Master Gardener Marijke Niles has a green thumb plus

Marijke Niles of Starksboro is the creative talent behind her sprawling plant nursery business, Marijke’s Perennial Gardens Plus.

Marijke Niles of Starksboro is the creative talent behind her sprawling plant nursery business, Marijke’s Perennial Gardens Plus. Photo by Louis Varricchio.

— “God Almighty planted the first garden. And indeed, it is the purest of human pleasures.” (Sir Francis Bacon)

As Amsterdam-native Marijke Niles, 66, tells visitors to her nursery business located along Robert Young Road in the foothills of Starksboro, she inherited the Dutch way of gardening in harmony with nature.

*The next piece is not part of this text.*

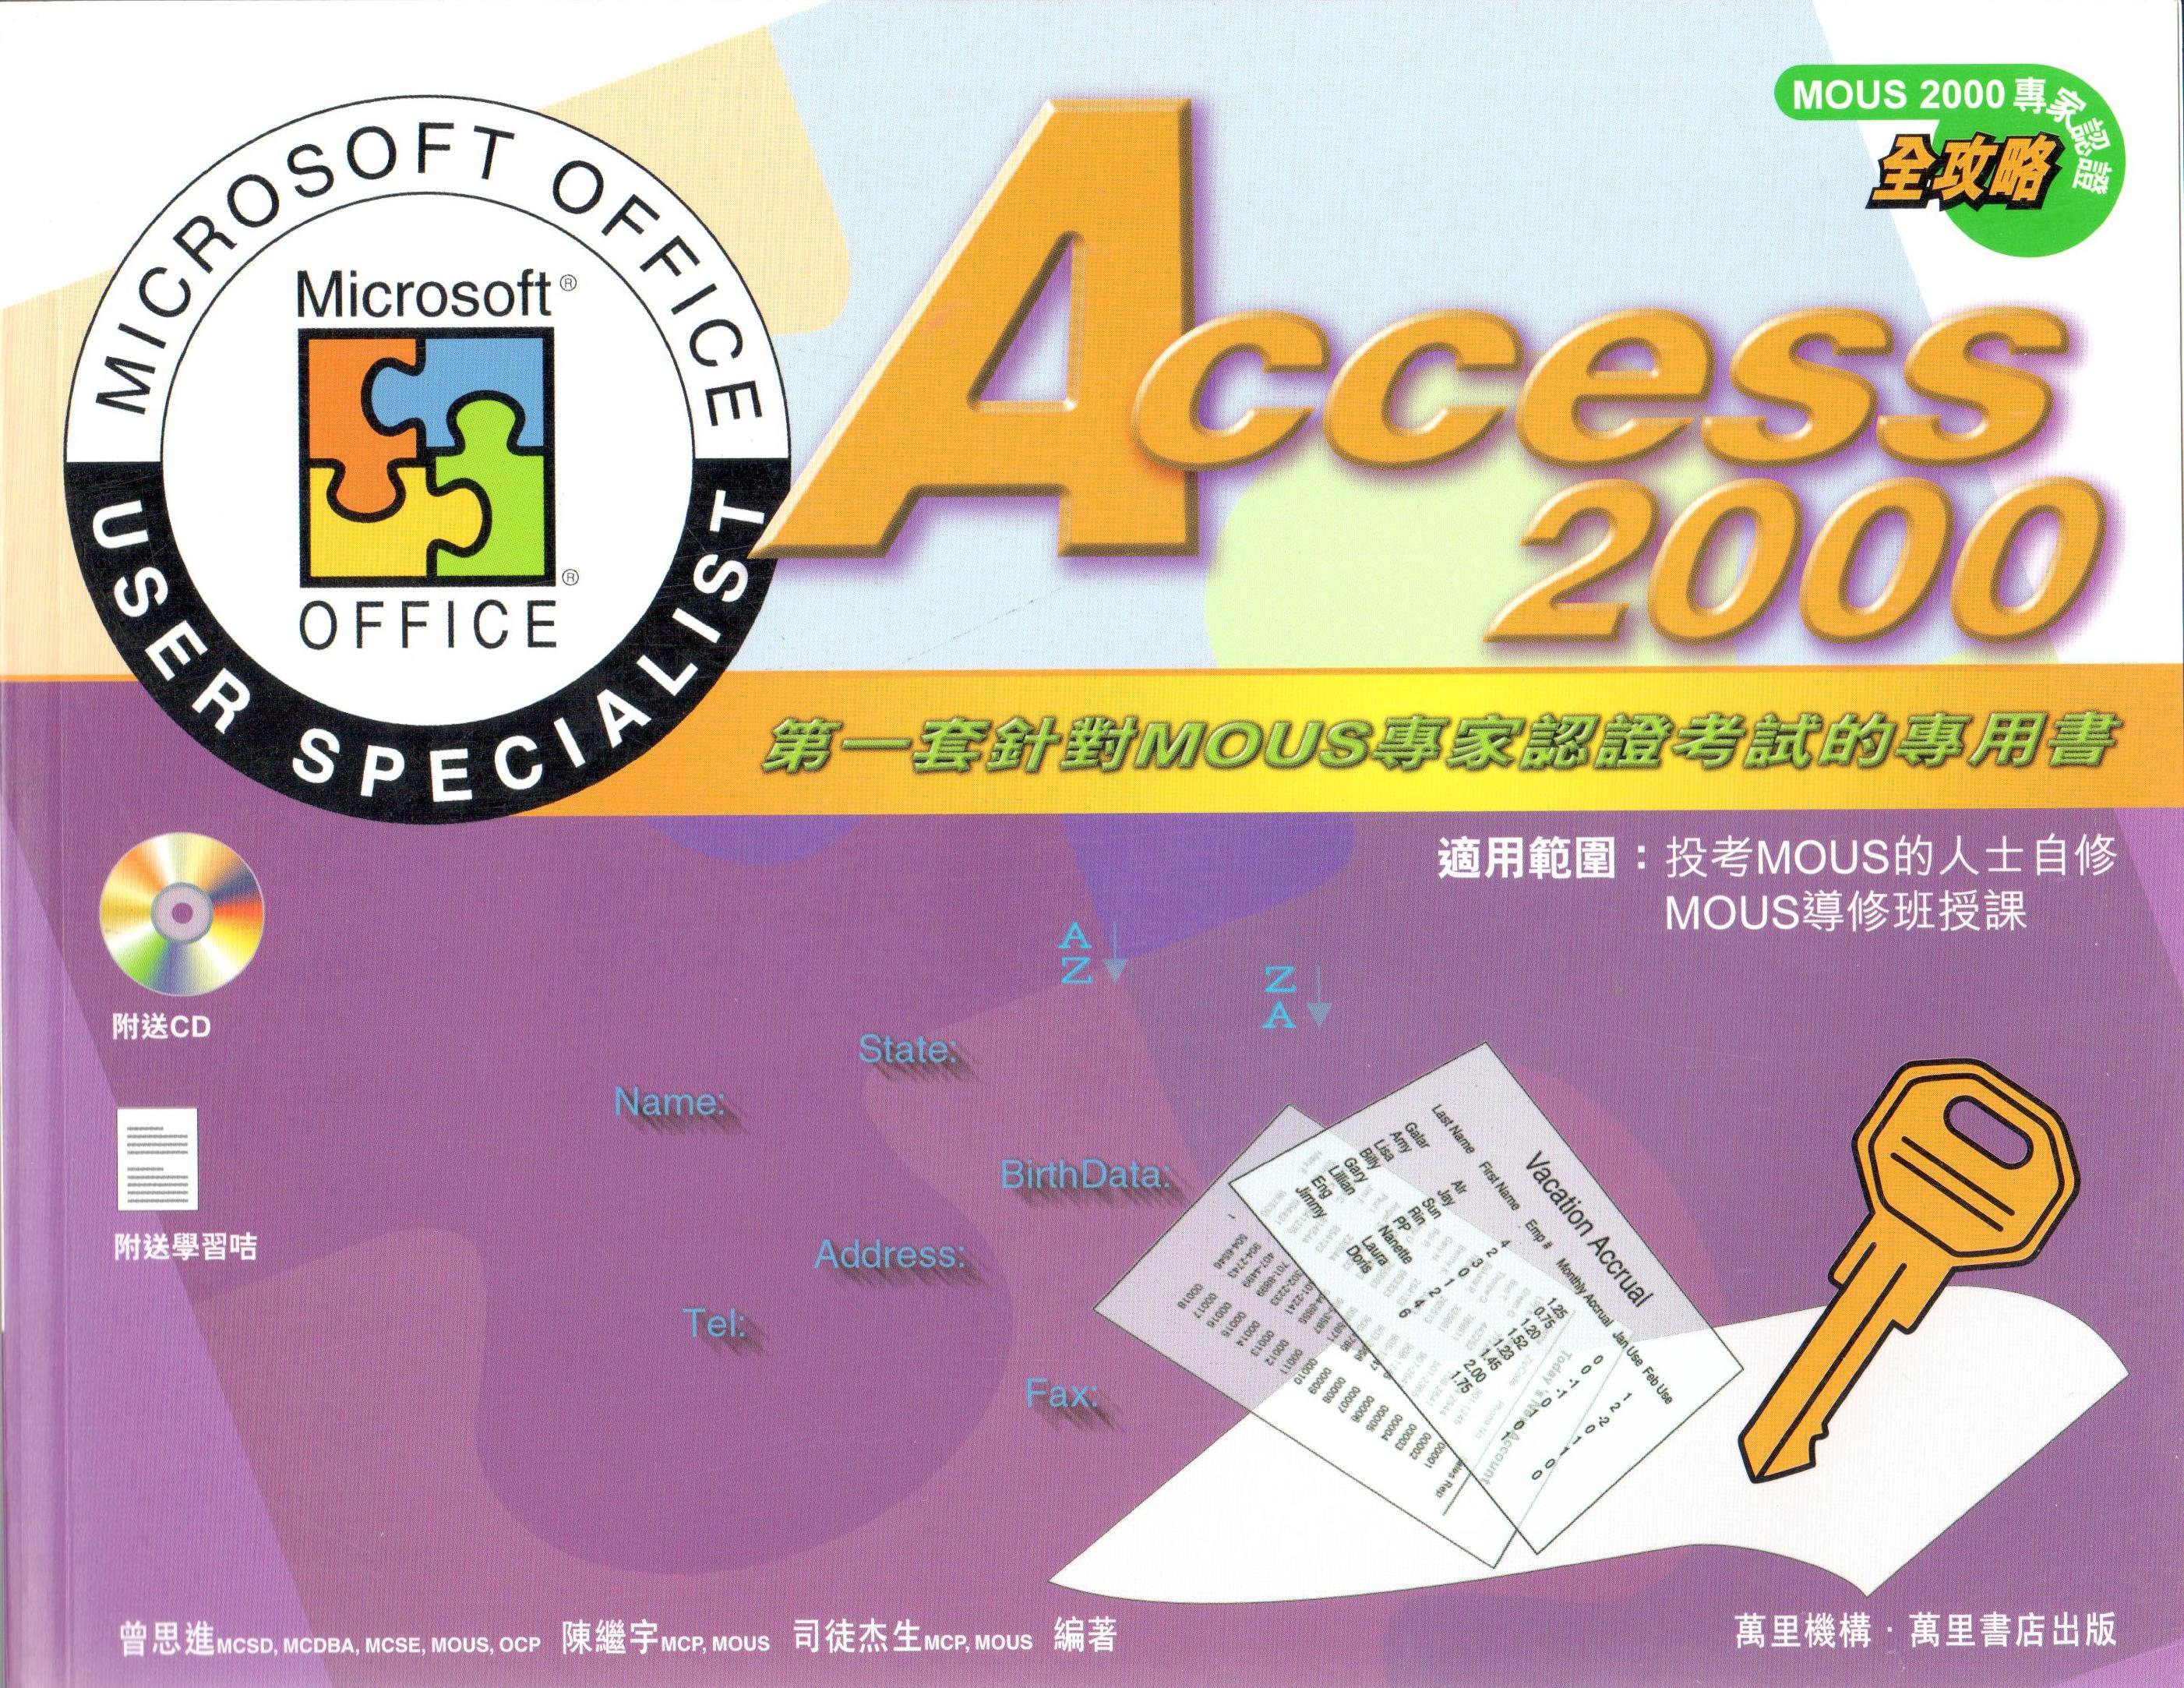 Access 2000 微软办公室专家认证全攻略

As a young girl growing up in a house along an Amsterdam canal, where flowers appear everywhere, Marijke (pronounced Mah-ree-ka) blossomed quickly—a little bit like the childhood tulip garden she lovingly tended.

Now, living an ocean away from her native Netherlands, this certified UVM Master Gardener continues to nurture her life’s passion—that is, turning a myriad of seeds and cuttings into healthy flowering, ornamental and vegetable plants.

“I opened Marijke's Perennial Gardens Plus in spring 2007 with no particular blueprint,” Marijke said. “All I knew is that, in my mind’s eye, I wanted to transform the landscape into a nursery that would be beautiful, educational, witty, and in harmony with the environment.”

Five years later, Marijke and her husband, retired Porter Hospital orthopedic surgeon Dr. Price Niles, have transformed what was a weedy eight-acre hillside property, situated at 1,500 feet above sea level, into a cultivated paradise.

While the couple keeps busy with the garden business during the growing season, in the dark winter months, Marijke works as a ski instructor at the Sugarbush resort. Skiing means a lot to Marijke and Price; after all, husband and wife first met each other on snowy slopes.

Unlike other garden centers, a quick scan of Marijke’s gardens shows no greenhouse in sight.

Since Marijke specializes in USDA Zone 4 and colder plants, she has dispensed with the need to winter-over tender plants in energy guzzling greenhouses. Instead, this master gardener has devised a unique system of layering her plants—using organic materials and tarps—at the start of cold weather. This neat trick appears to keep specimens in a healthy, dormant state during the winter months (with only minor losses); properly banked, these living plants are ready to reawaken come spring.